Work request
Look through the material below. Return exactly the lines from the one with "Sen. Roy Blunt, R-Mo." through the one with "Ljusne pinned on a map of Sweden Stock Photo", both included.

Excerpted records
----------------

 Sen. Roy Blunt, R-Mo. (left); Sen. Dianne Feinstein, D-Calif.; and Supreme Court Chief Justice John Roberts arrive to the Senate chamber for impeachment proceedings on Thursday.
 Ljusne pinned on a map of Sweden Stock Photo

----------------

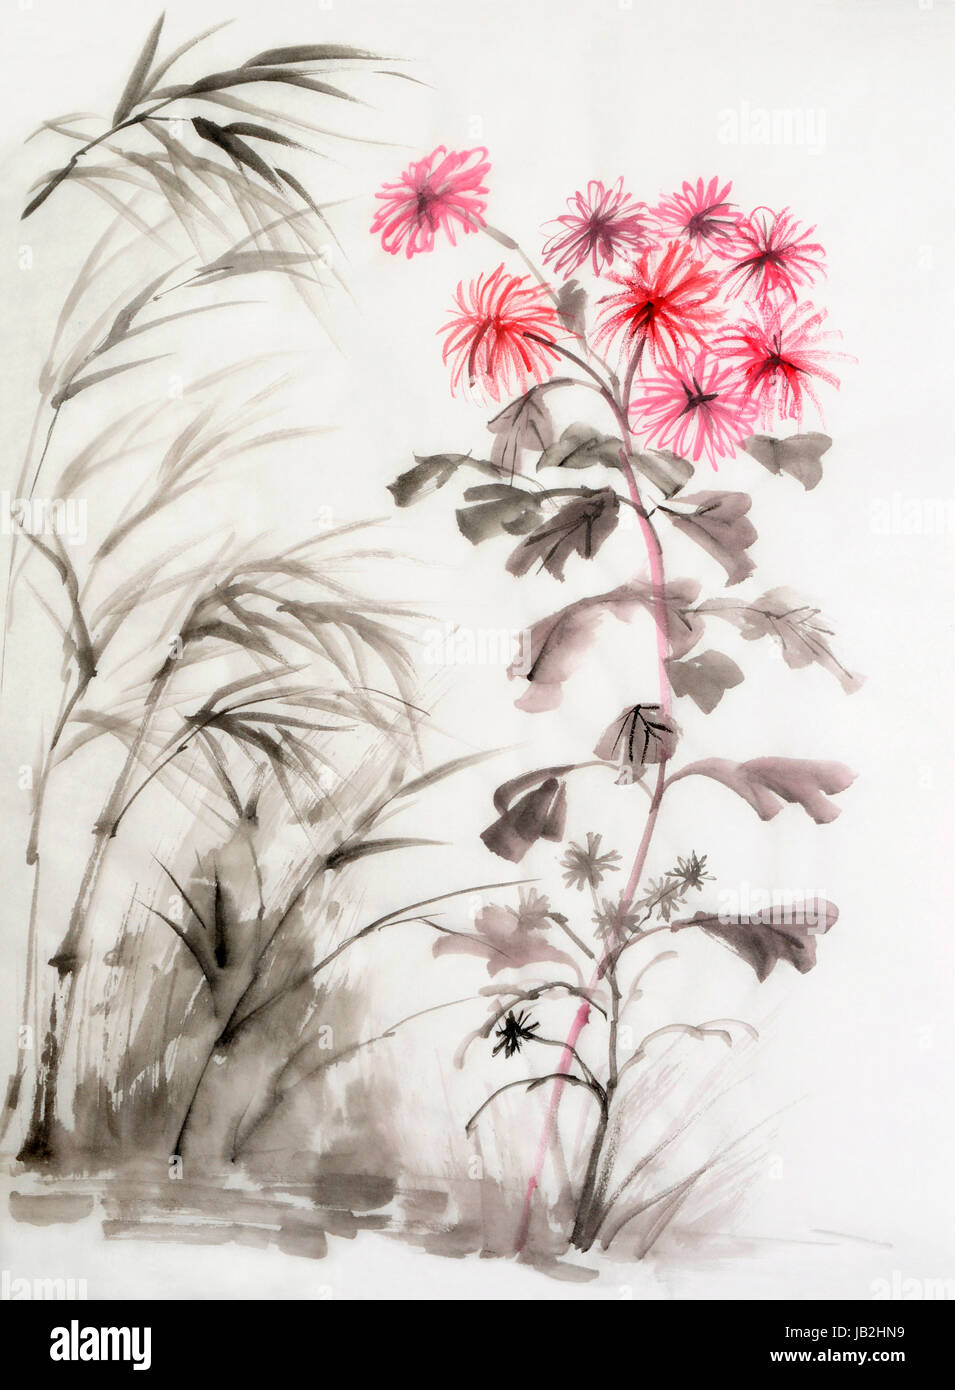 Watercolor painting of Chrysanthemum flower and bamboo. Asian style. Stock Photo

----------------

Answer space
 Sen. Roy Blunt, R-Mo. (left); Sen. Dianne Feinstein, D-Calif.; and Supreme Court Chief Justice John Roberts arrive to the Senate chamber for impeachment proceedings on Thursday.
 Ljusne pinned on a map of Sweden Stock Photo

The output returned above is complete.